Грай вдруг перевернулась на спину и легла, раскинув руки и глядя в небо. Я сделал то же самое. Руки наши почти касались друг друга на теп-лом камне, однако лежали неподвижно.
– Значит, пока тебе не исполнится пятнадцать, – эхом повторил я.
– Пока нам не исполнится пятнадцать, – сказала она довольно громко и решительно.
И больше мы за долгое время не сказали друг другу ни слова.
Я лежал над озером и чувствовал, как счастье пронизывает меня, подобно солнечным лучам, а под собой я чувствовал такую же мощную опору, как та скала подо мной.
– Призови птичку, – шепотом попросил я Грай.
Она просвистела три какие-то ноты, и из качающихся под скалой густых зарослей мгновенно прилетел нежный ответ. Через минуту птичка пропела снова, но Грай ей не ответила.
Она могла бы призвать птичку к себе, и та села бы ей на ладонь или на палец, но она этого не сделала. Когда в прошлом году ее дар стал входить в полную силу, мы часто пользовались им для разных игр. Например, Грай заставляла меня ждать на лесной поляне, но не говорила, что мне предстоит увидеть, и я ждал с напряженным вниманием охотника, пока внезапно, всегда поражая меня до глубины души, передо мной не появлялась, например, косуля с детенышами.
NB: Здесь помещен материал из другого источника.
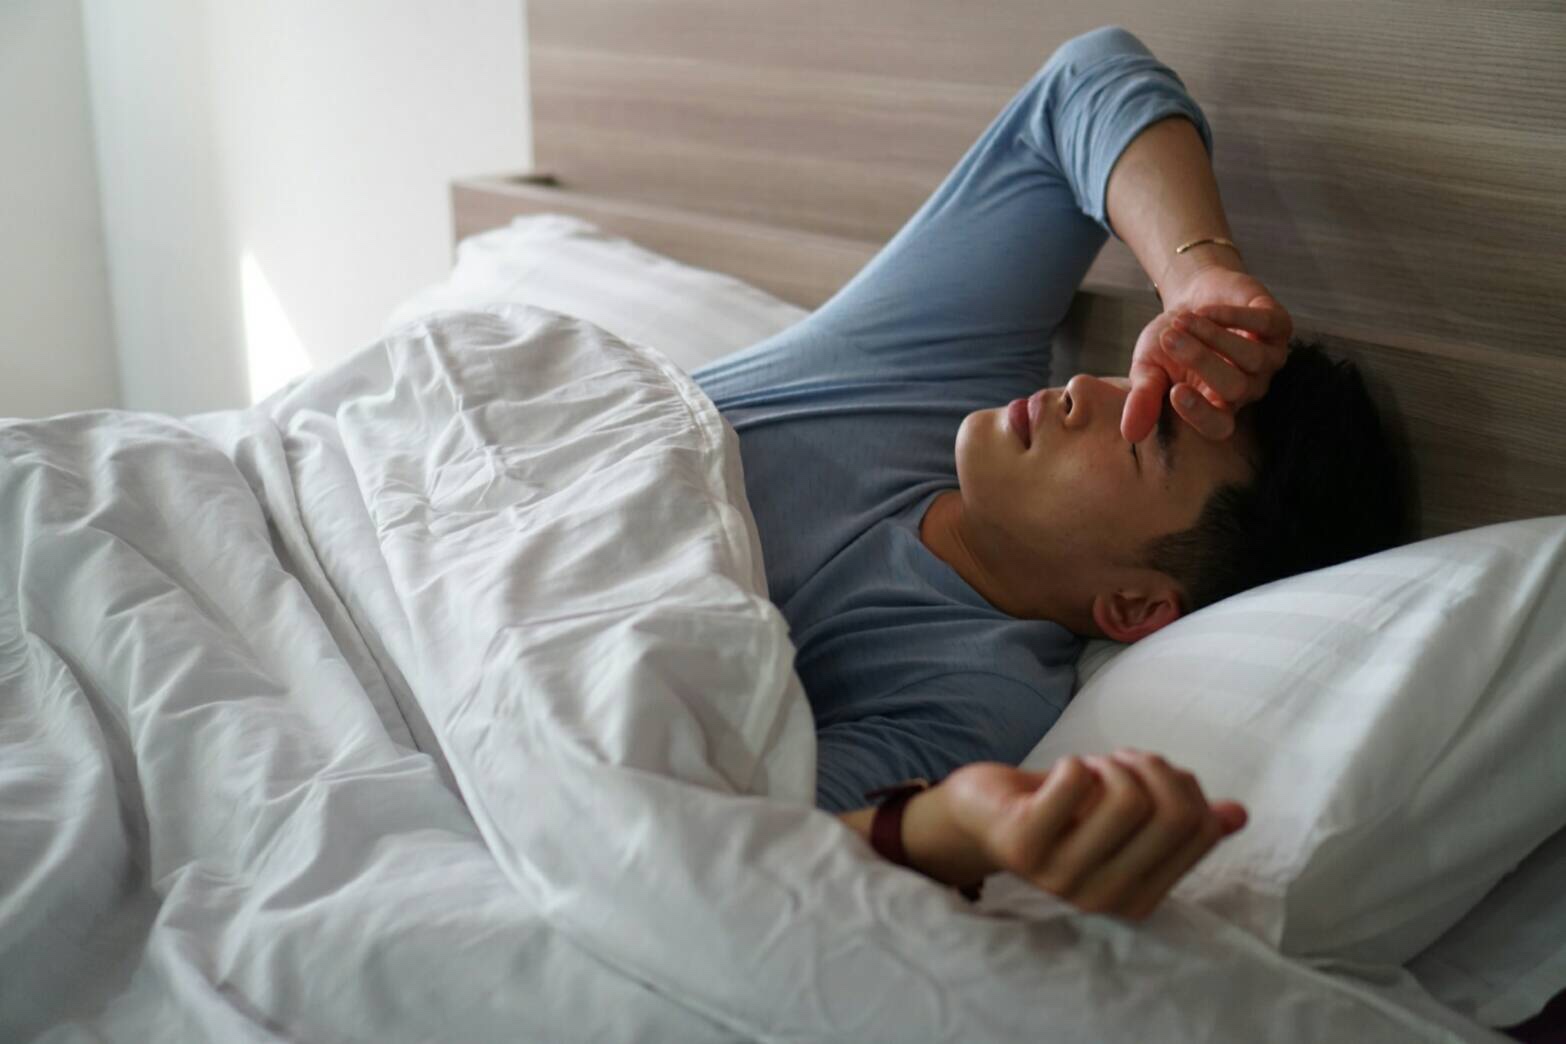 วิธีแก้การนอนกรนผู้ชาย, นอนกรน, เลเซอร์แก้นอนกรน, รักษาอาการกรน, เลเซอร์นอนกรน

Или я вдруг чувствовал запах лисы, начинал озираться и наконец замечал, что лиса сидит в траве, в двух шагах от меня, спокойная, как домашняя кошка, элегантно обвив хвостом лапки. А один раз я почувствовал какой-то противный пугающий запах, от которого у меня по всему телу поползли мурашки, и увидел бурого медведя, который шел через поляну, ступая тяжело, но совершенно неслышно; в мою сторону он даже не посмотрел и вскоре исчез в лесу. Лишь через некоторое время после очередного представления Грай появлялась на поляне и, застенчиво улыбаясь, спрашивала: «Ну, тебе понравилось?» В случае с медведем я сказал, что медведей мне больше, пожалуй, показывать не стоит, а она ответила, что этот медведь не здешний; он живет в западных отрогах горы Эйрн, но из-за разлива реки спустился сюда на рыбную ловлю. Она могла призвать коршуна из поднебесья или заставить форель из озерца под водопадом высоко подпрыгивать, точно танцуя. Она могла отвести рой пчел туда, куда это было нужно пчеловоду. А однажды, исключительно из вредности, она заставила целый рой слепней гнать одного противного пастуха по всему болоту под горой Красная Пирамида. Спрятавшись там, мы смотрели, как бедняга скачет и машет руками, точно ветряная мельница, пытаясь спастись от преследовавших его проклятых насекомых, и давились смехом до слез.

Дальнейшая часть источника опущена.